General information
- Coordinates: 40°02′29″N 75°20′52″W﻿ / ﻿40.0413°N 75.3478°W

Former services
| Preceding station | Pennsylvania Railroad |  |  | Following station |
| Radnor toward Paoli |  | Paoli Line |  | Villanova toward Suburban Station |

Location

= Upton station (Pennsylvania Railroad) =

Railroad station

Upton station was a former railroad station of the Pennsylvania Railroad outside of Philadelphia, Pennsylvania. It was constructed as a stop on the Pennsylvania Railroad's Main Line near the location where the rail line now crosses Interstate 476 between Villanova station and Radnor station, both of which are still operational as part of SEPTA Regional Rail Paoli/Thorndale Line service.

==Closure==
A possibly apocryphal reason regarding the closure of the station has been attributed to former Pennsylvania Railroad president A. J. Cassatt.

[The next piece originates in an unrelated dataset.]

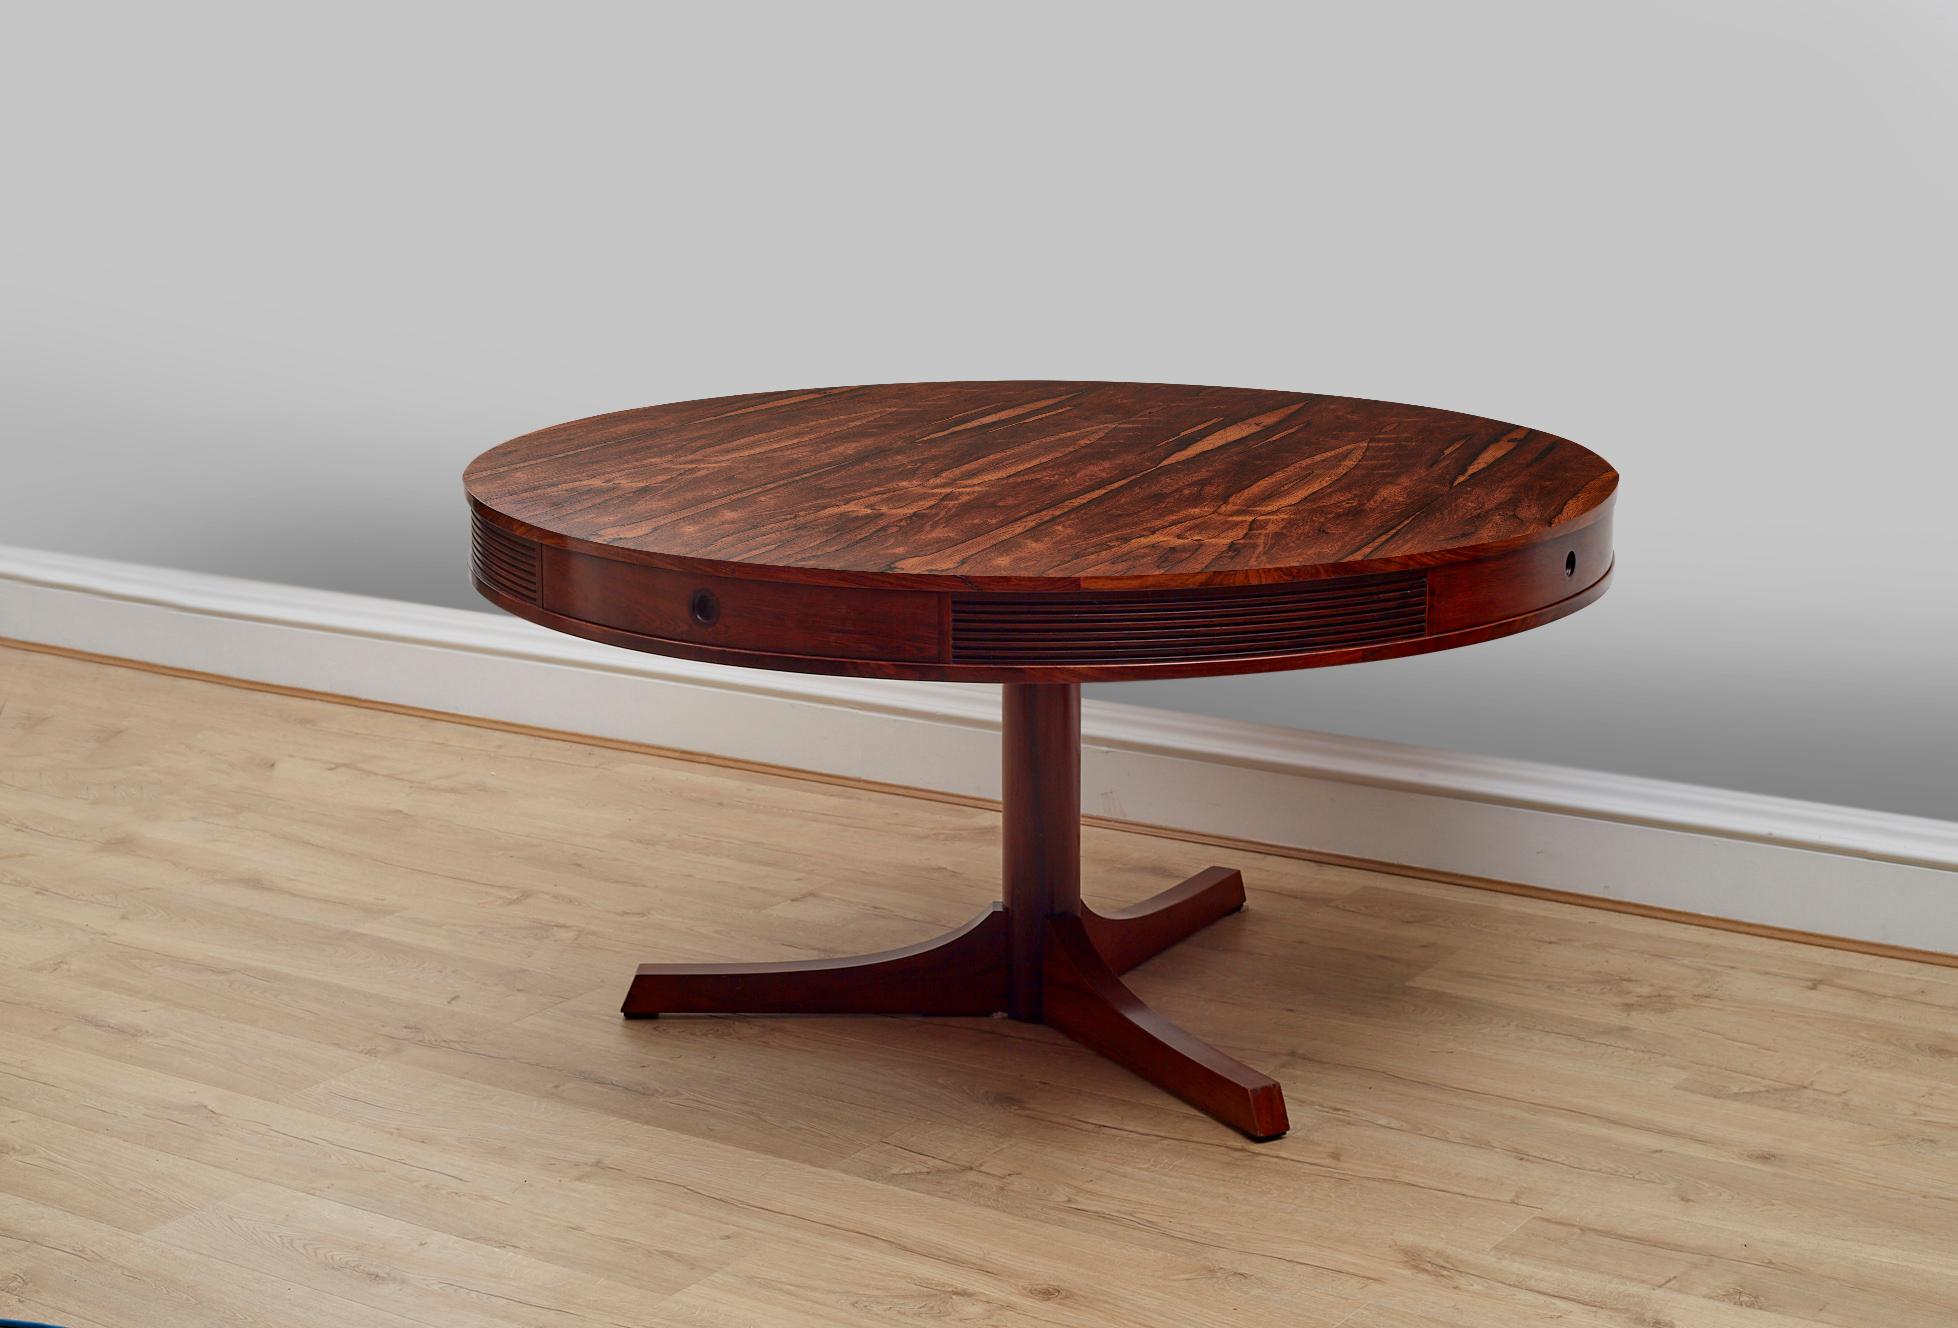 A Superb Rosewood drum dining table designed by Robert Heritage for Archie Shine, called ‘The Bridgford’ dining table. Made in England in the 1960's. 

One of the best examples we’ve seen with a truly stunning veneer pattern and deep Rosewood

According to the story, a wealthy land owner that leased property to the railroad to have the station built on was angered when a train passed without stopping to allow guests of his to board at the station. After the incident, the land owner complained directly to Cassett in person. Cassett gave his word that a train would never fail to make a scheduled stop at the station again. To fulfill his promise, Cassatt promptly had the station closed and torn down before the next scheduled stop, with service redirected to the nearby Villanova and Radnor stations, making certain that the train would never miss a scheduled stop at Upton station again. The station is noted on an 1887 geological map of the area, suggesting service was available at least as late as that time.